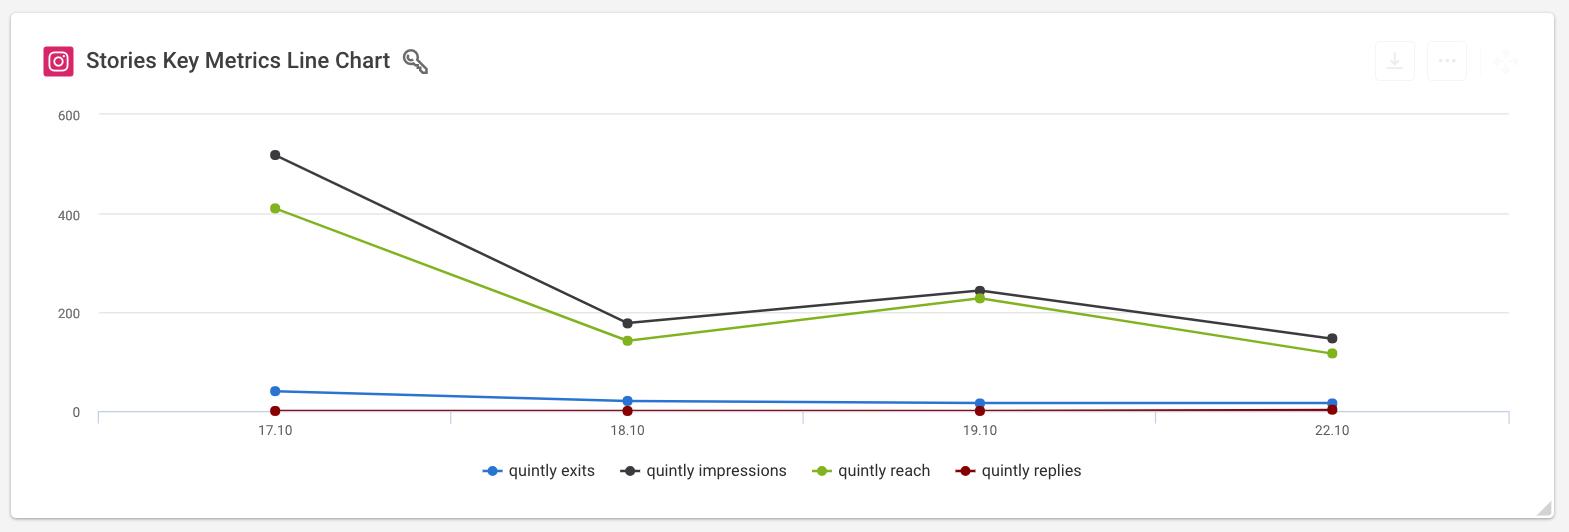 Instagram Stories Key Metrics Line Chart
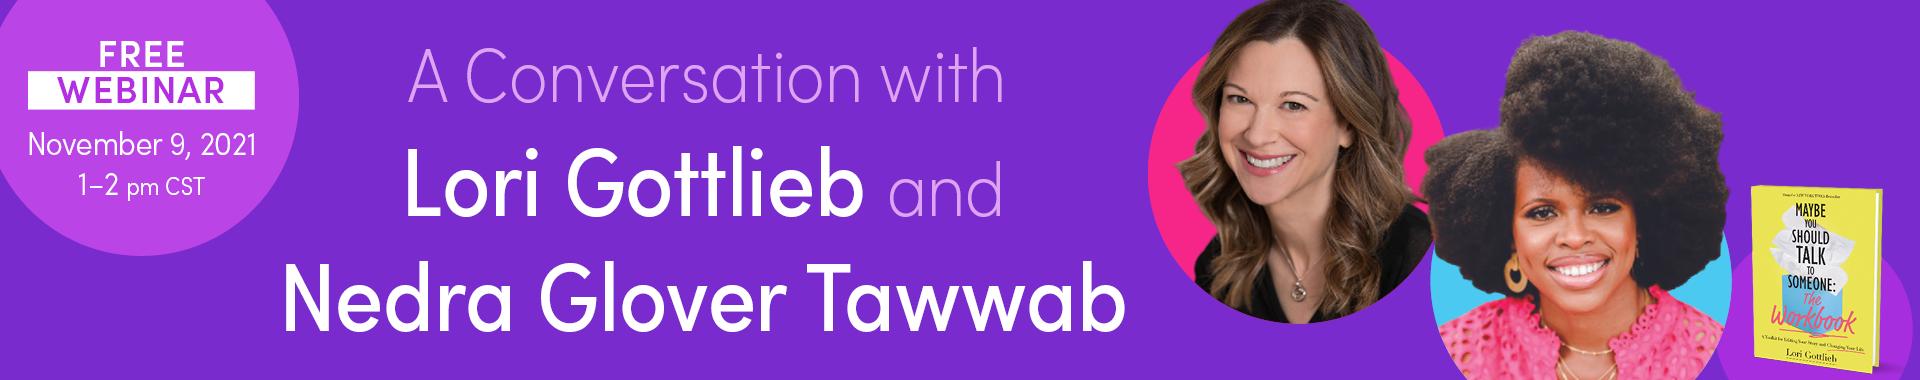 A Conversation with Lori Gottlieb & Nedra Tawwab Glover
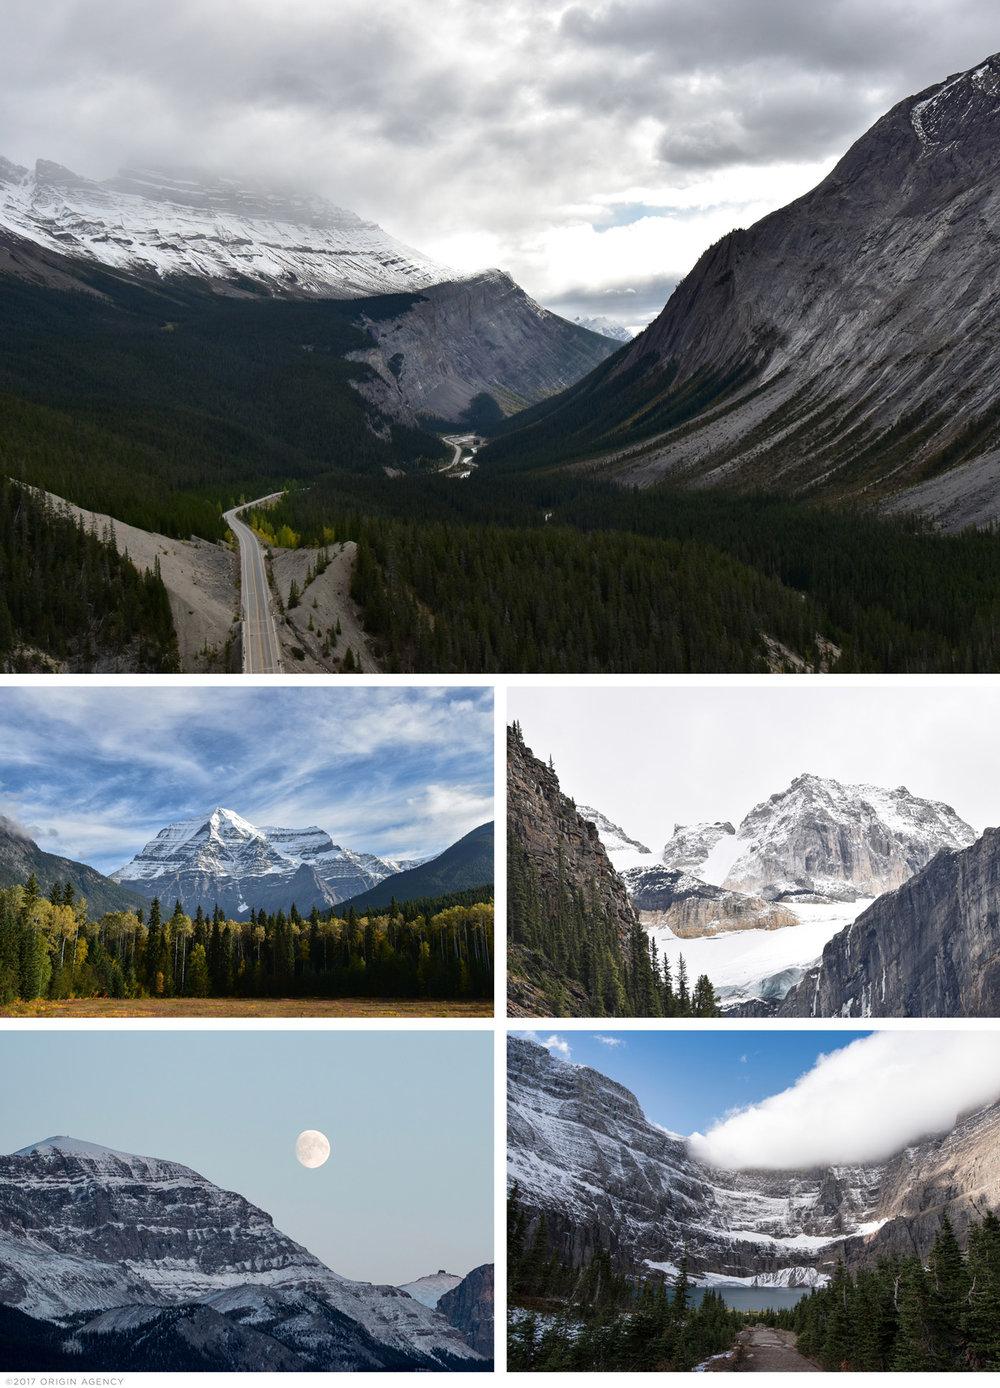 origin-agency-canada-mountains.jpg
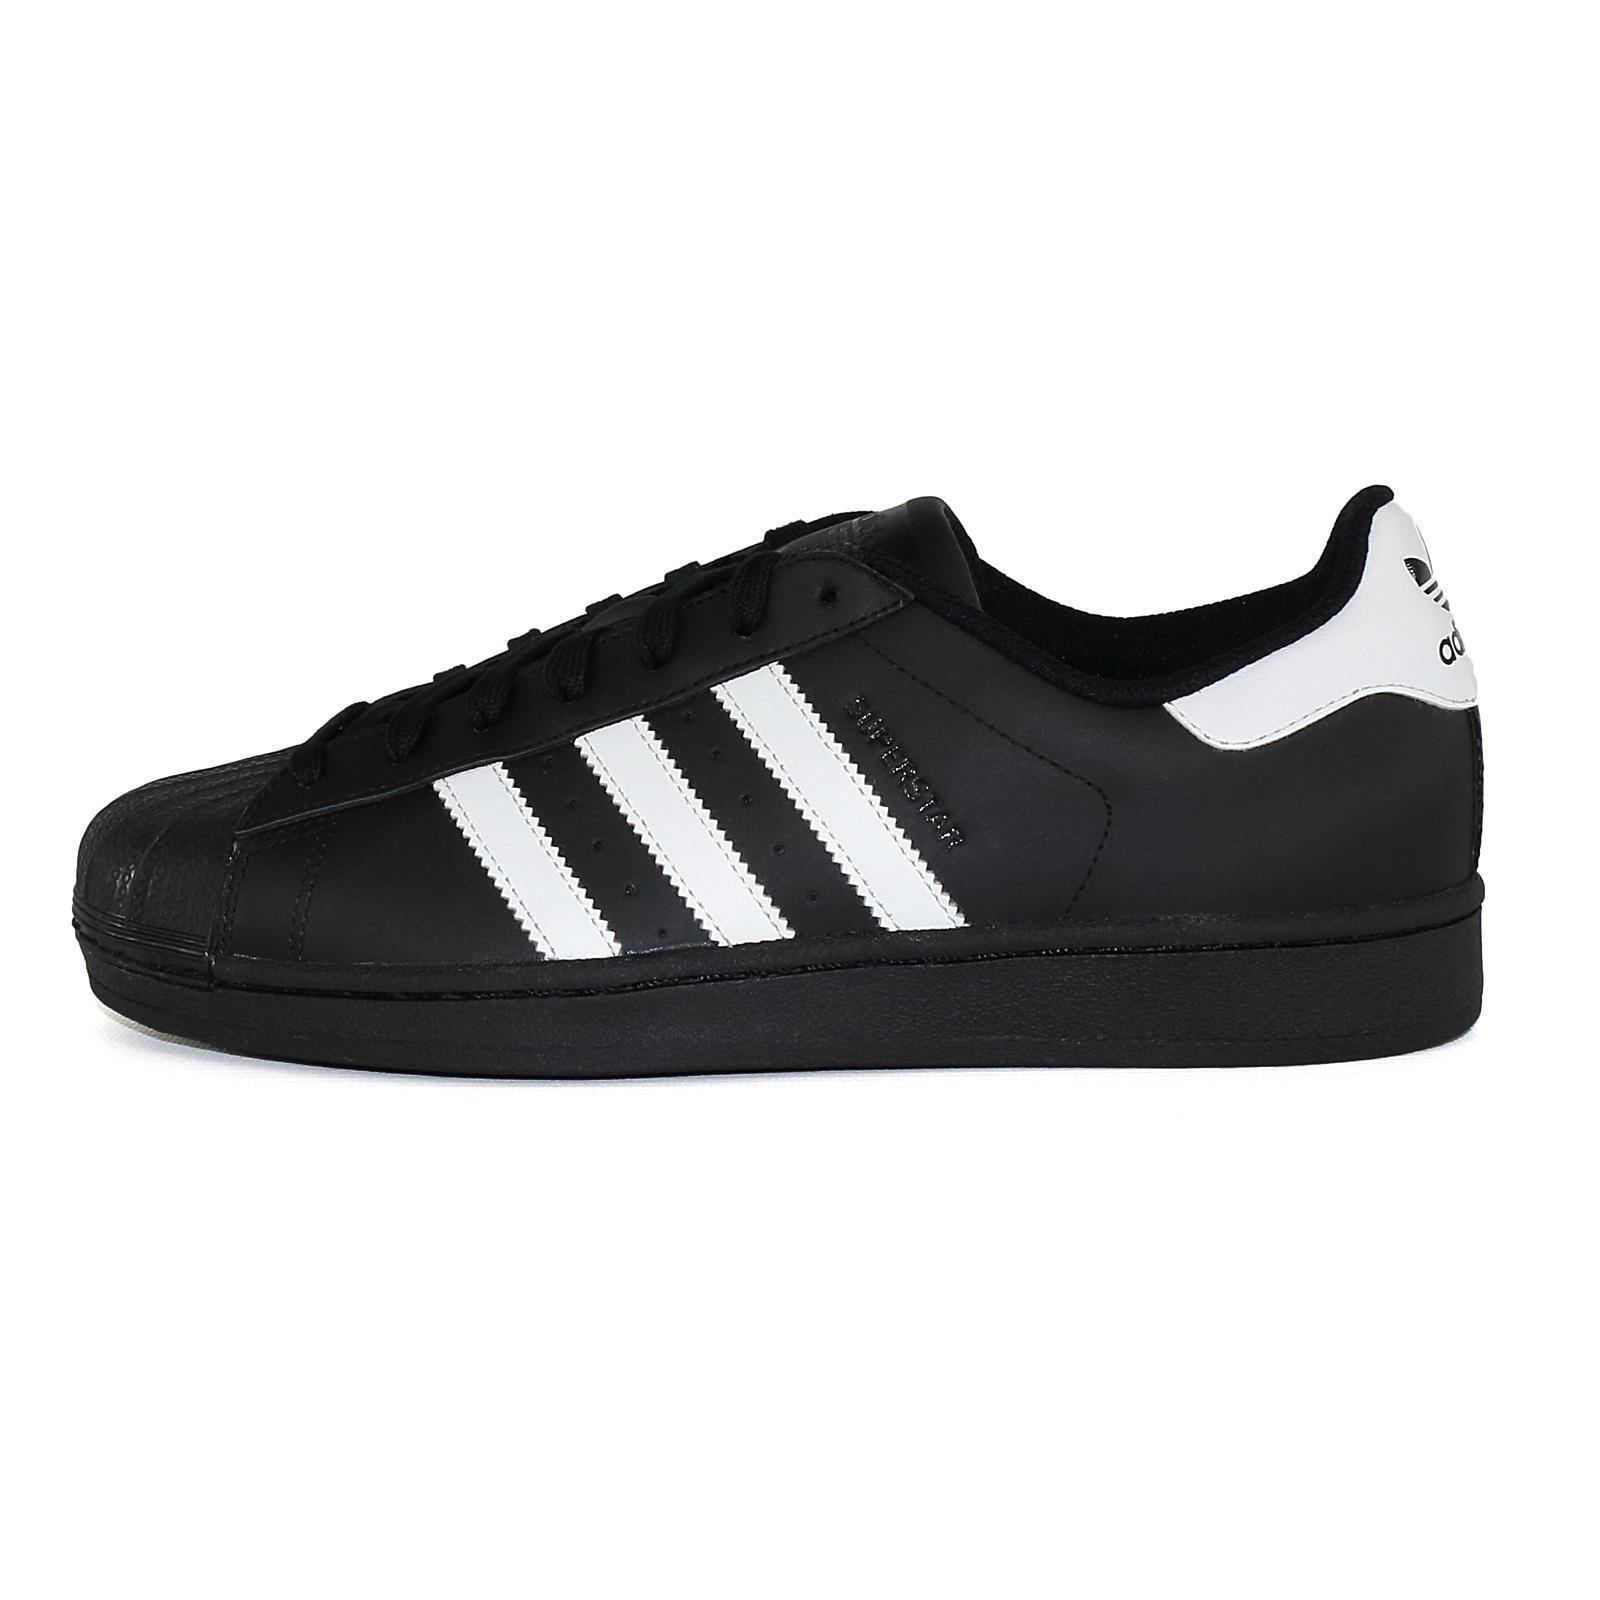 Adidas Superstar Foundatio Herren Schuhe Sneakers B27140 schwarz 50965

Problem requirements:
The task requires that every line above be transcribed exactly, without the images.

Answer:
 Instagram Stories Key Metrics Line Chart
 A Conversation with Lori Gottlieb & Nedra Tawwab Glover
 origin-agency-canada-mountains.jpg
 Adidas Superstar Foundatio Herren Schuhe Sneakers B27140 schwarz 50965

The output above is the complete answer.